## Exercise brief
For the listing that follows, give again exactly the lines from the one with "Yodelice at Stereolux Tickets" to the one with "Person pressing a", including both.

## Data excerpts
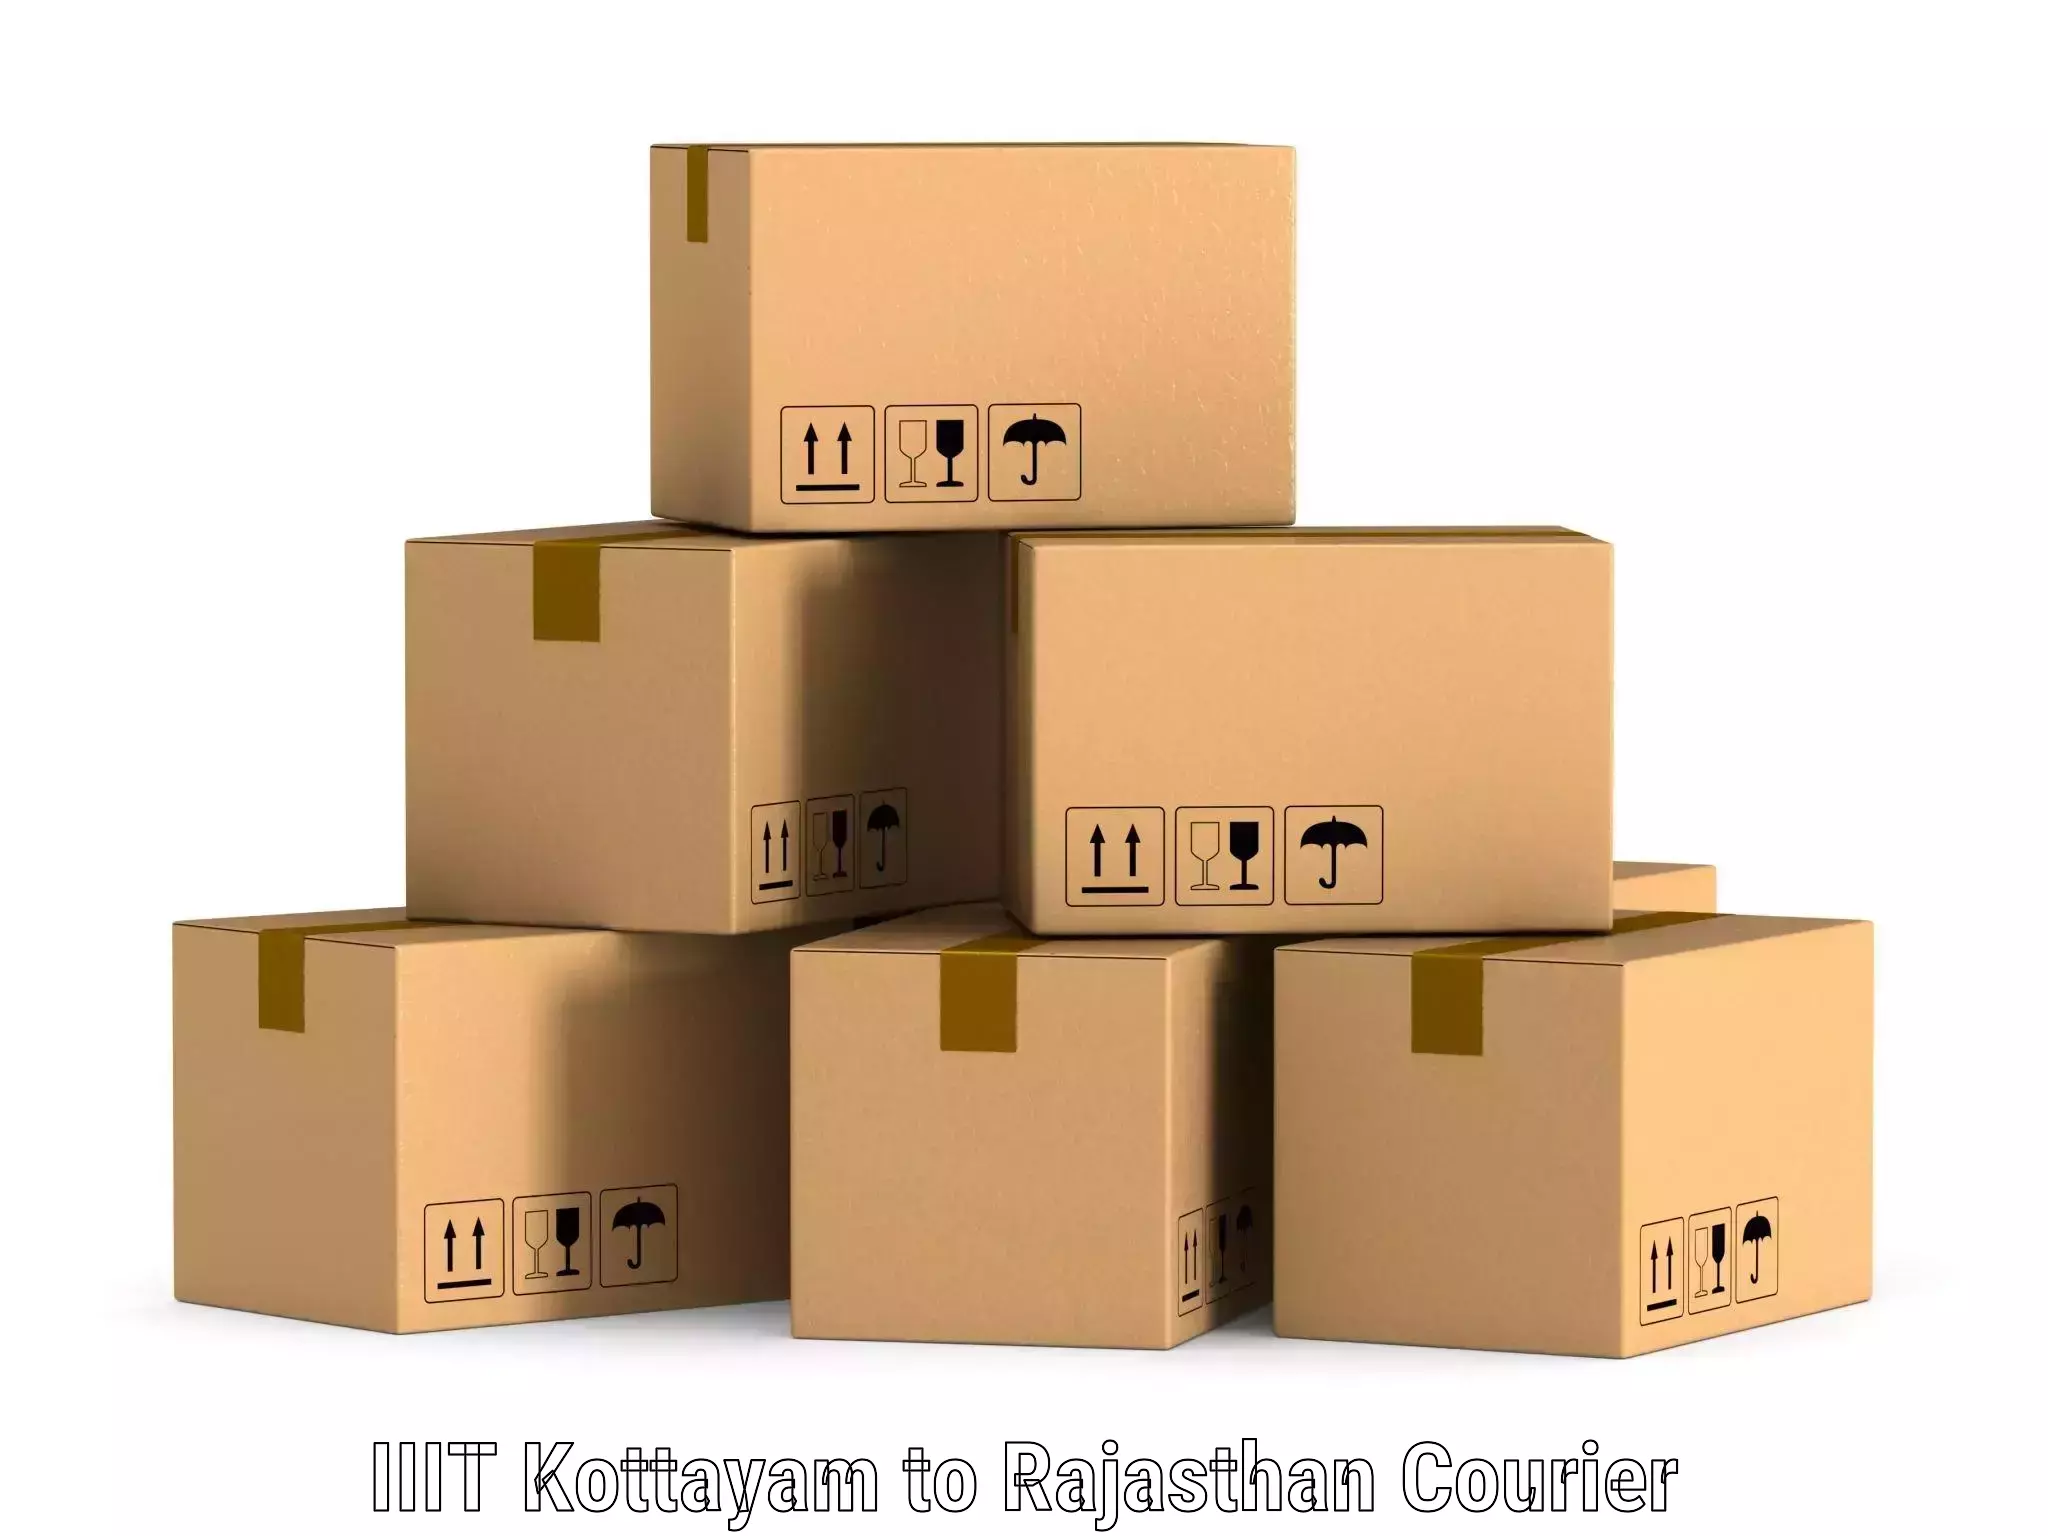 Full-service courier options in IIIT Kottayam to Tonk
...
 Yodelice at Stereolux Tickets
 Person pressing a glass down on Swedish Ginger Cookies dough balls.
--
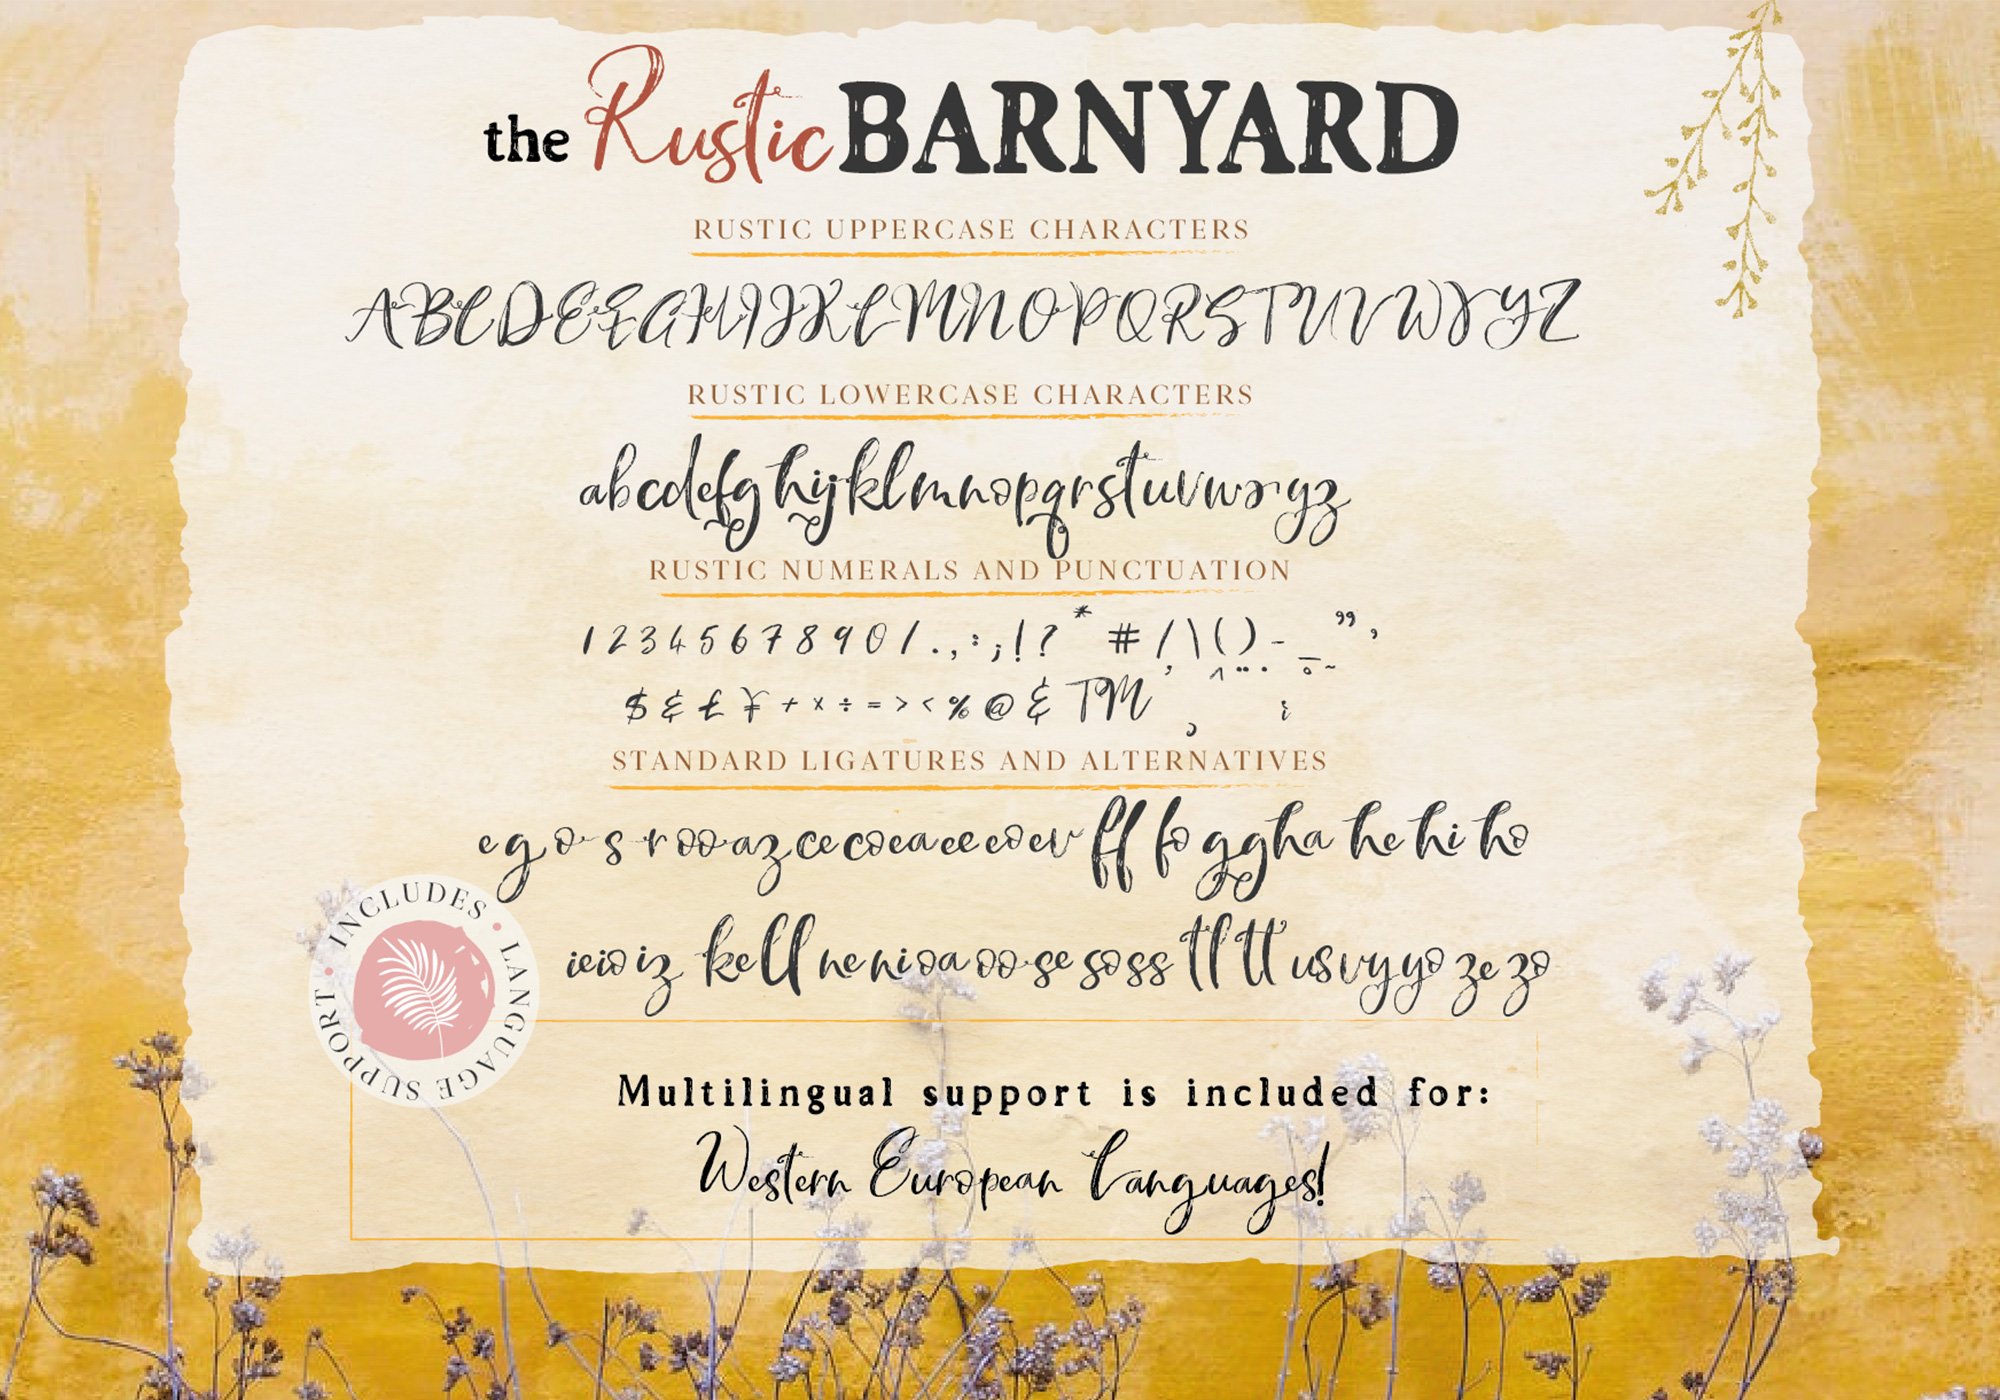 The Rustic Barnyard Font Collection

## Solution for this problem
 Yodelice at Stereolux Tickets
 Person pressing a glass down on Swedish Ginger Cookies dough balls.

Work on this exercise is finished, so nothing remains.